Thursday, October 18, 2007

Damned Beautiful

It's strange to think that Fitzgerald was only twenty-five when he wrote his second novel. Both Anthony and Gloria are passed thirty when they finally crack-up with the weight of a decade of abusing alcohol behind them and in their early twenties they are still relatively secure in their complacent sense that life owes them all the good things it can offer. But Fitzgerald seems to foresee his doom (in terms of the fate of Anthony, his surrogate) in precise, sometimes excruciating detail even as a comparatively young man. In fact, he sees it so clearly and with such moral certainty that it's very difficult to sympathise with the central characters. Yes, you feel sorry for them but you don't really inhabit them. You're outside them always, aware of just how unpleasant they are, and how stupid. I was wrong yesterday to mention a there-but-for-the-grace-of-God effect. This is more like watching some particular asinine folk on a dreadful reality tv show and feeling superior in the knowledge you couldn't be quite that idiotic. I think Fitzgerald convinces the reader that the world around the doomed pair might see them as representing some sort of glamour, but it's not credible that the reader might fall for this delusion. I spent quite a bit of the first third of the novel hoping (ungallantly) that someone might kick Gloria, and at least some of the last third rather happy (uncharitably) that the pair were getting what they deserved. I think Fitzgerald wants the reader to feel this way, but I think he also wants you to feel other ways and I'm not so sure I was able to.
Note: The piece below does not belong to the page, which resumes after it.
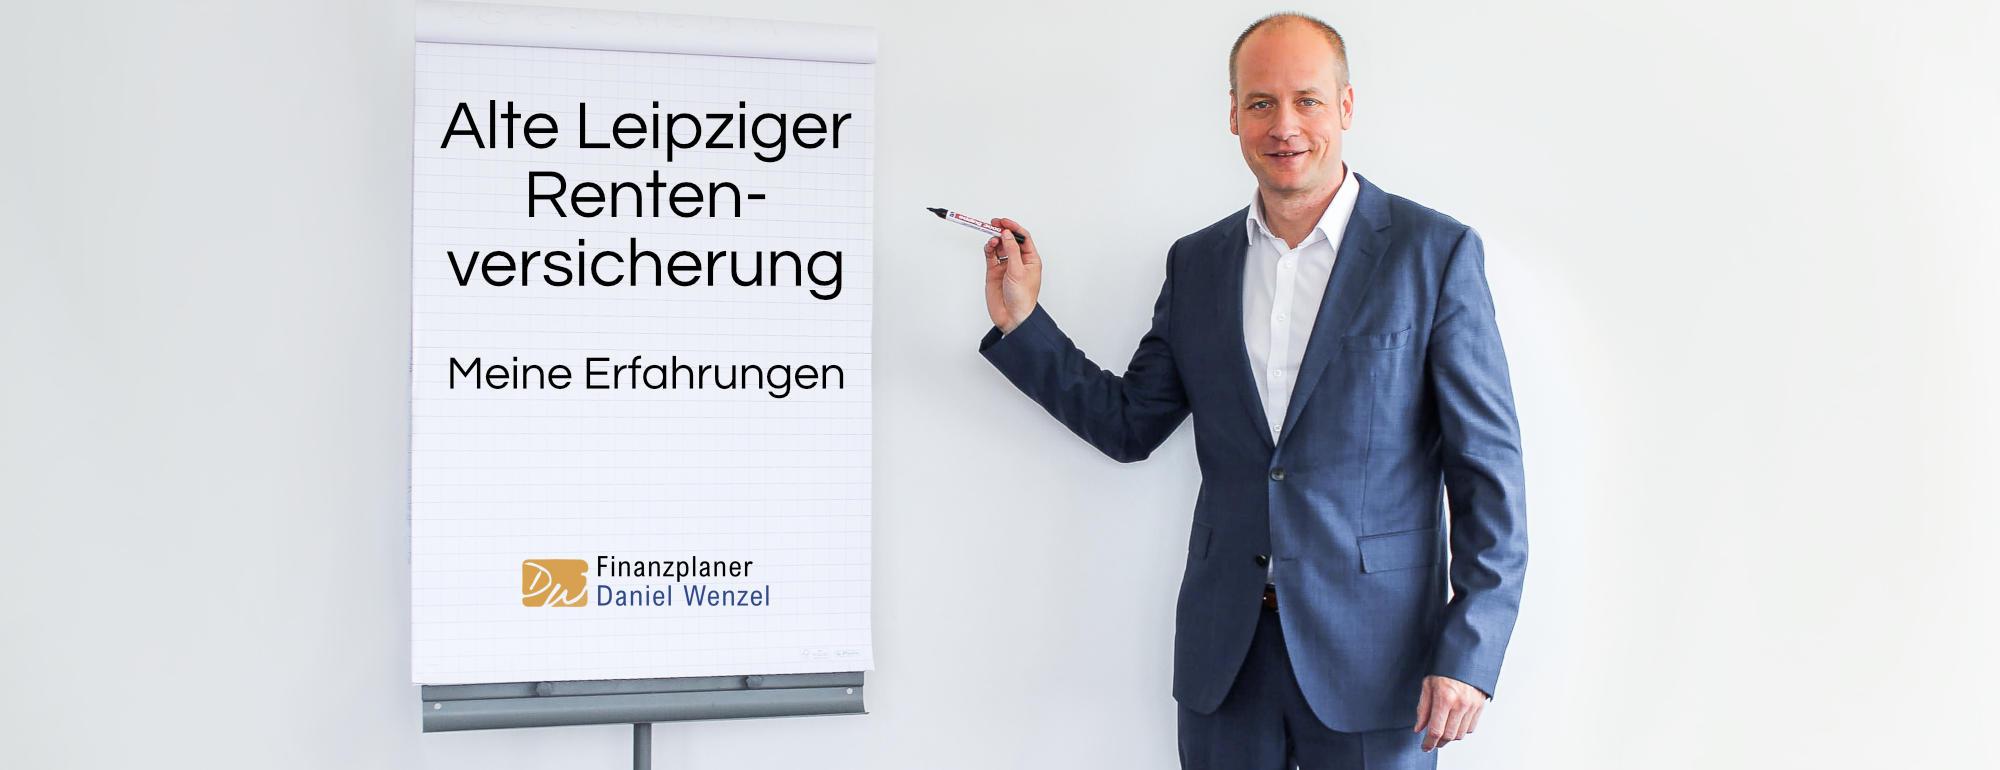 Alte Leipziger Rentenversicherung - Meine Erfahrungen

As an honest study of what alcohol is capable of doing to those prone to addiction thereto the novel is a brilliant success. But I don't think it makes any larger statement about life in general and its world in particular. We have to wait for Gatsby for that. How did Fitzgerald do it? - turning from the writing of good, at times very good, books to greatness? Three things may have helped: he was sober when writing Gatsby; he finally got away from autobiographical central characters, approaching his experiences slantwise, as it were; and he learned to leave things out.

Oh, and he stopped writing sentences like: Anthony lay upon the lounge looking up One Hundred and Twenty-seventh Street toward the river, near which he could see a single patch of vivid green trees that guaranteed the brummagem umbrageousness of Riverside Drive. And on my count that's the third time he uses brummagem in the novel. Surely he must have had more than a few at that point.